- Written by: Chad Hodge
- Directed by: Sheldon Larry
- Starring: Jason Priestley Bradley Cooper Emma Caulfield Mark L. Walberg Paige Jones Lauren Lee Smith
- Music by: Phil Marshall
- Country of origin: United States
- Original language: English

Production
- Producers: Ted Bauman Howard Braunstein Joel S. Rice Michael Jaffe
- Cinematography: Tony Westman
- Editor: Rob Seidenglanz
- Running time: 95 minutes

Original release
- Network: ABC Family
- Release: January 18, 2004

= I Want to Marry Ryan Banks =

2004 television film

I Want to Marry Ryan Banks (also known as Reality of Love) is a 2004 American television film starring Jason Priestley, Bradley Cooper and Emma Caulfield. The film premiered on ABC Family on January 18, 2004.

==Plot==
Ryan Banks is a struggling movie star. His best friend and agent, Todd Doherty, creates a TV show called I Want to Marry Ryan Banks in hopes of saving Banks's faltering career. The show works much like The Bachelor TV show, with fifteen beautiful women competing for Banks's love and affection.

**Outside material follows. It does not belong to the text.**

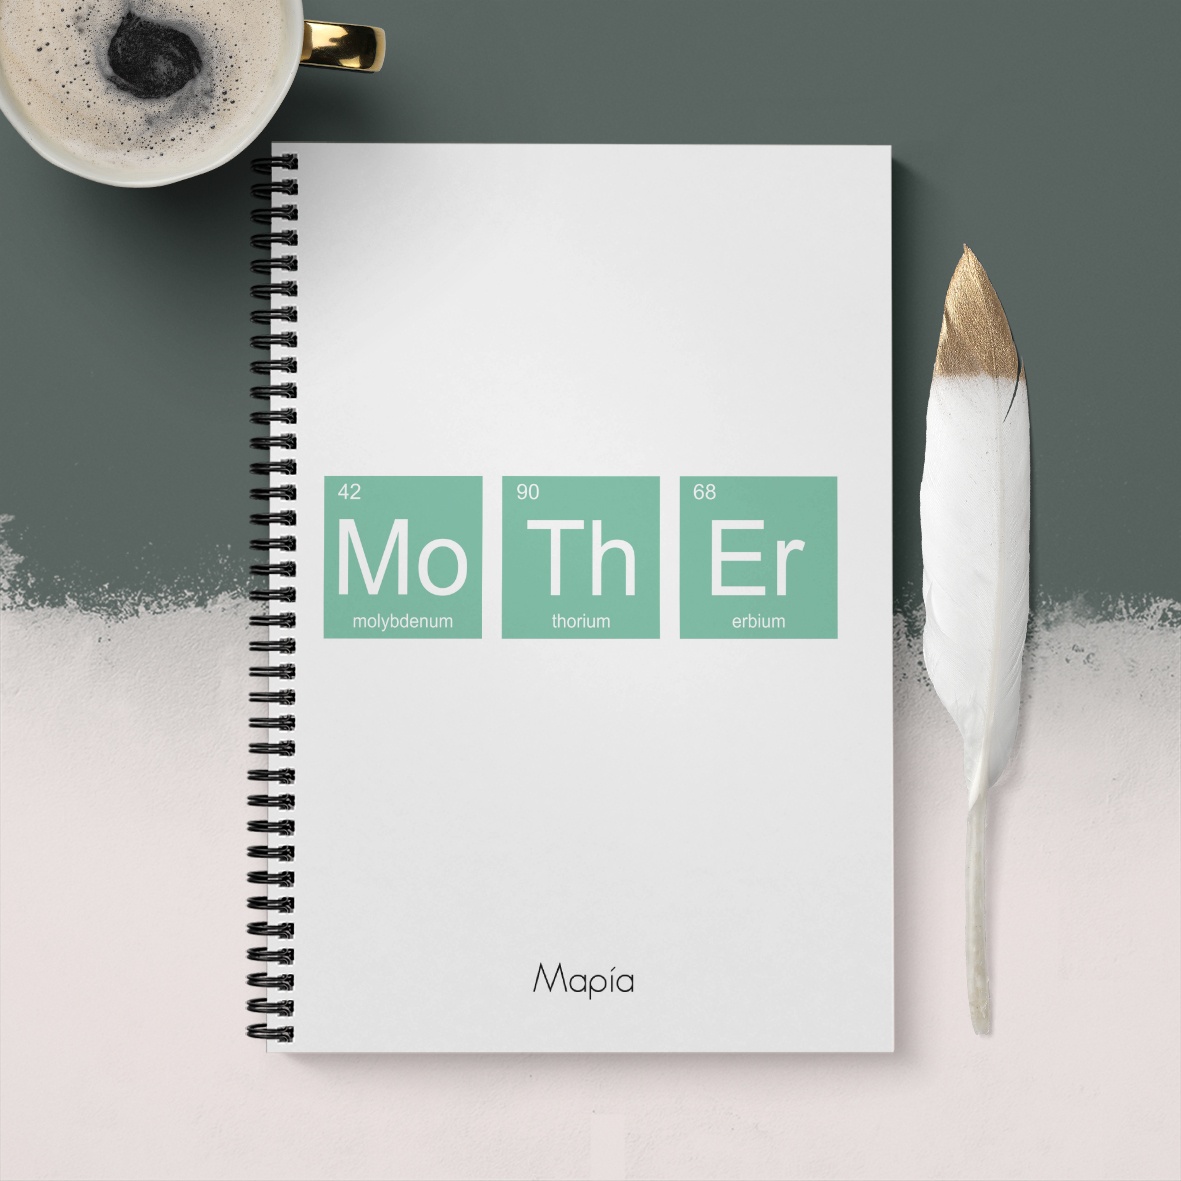 Mo Th Er - Σημειωματάριο

Charlie Norton becomes a contestant when her sister and brother-in-law submit an audition tape for her. Like all the other girls, Norton is picked in order to help boost Banks's image. She is then contacted at her sister's Boston bar by Banks himself and decides to participate on the show.

Once in the house, Norton becomes fast friends with her roommate Lauren, an aspiring actress who is only using the show to get exposure. She also discovers how "reality" TV shows work, with multiple takes and editing.

As Norton thinks she is falling for Banks, Doherty is feeding him lines. When Norton discovers that the man she loves is really Doherty, she tries to quit the show, only to find out that it would breach her contract. As "America's choice", Norton and Lauren become the two finalists, despite Norton trying to sabotage her own chances by changing her sweet and easy-going behavior while on a trip with Banks.

With Banks's help, Doherty manages to get Norton back, and they are married a year later.

==Cast==
- Jason Priestley as Ryan Banks
- Bradley Cooper as Todd Doherty
- Emma Caulfield as Charlie Norton
- Mark L. Walberg as Stan
- Lauren Lee Smith as Lauren, Charlie's roommate
- Paige Bluejacket as Jessica

==Home media==
The movie was released on DVD in 2012 under the title Reality of Love.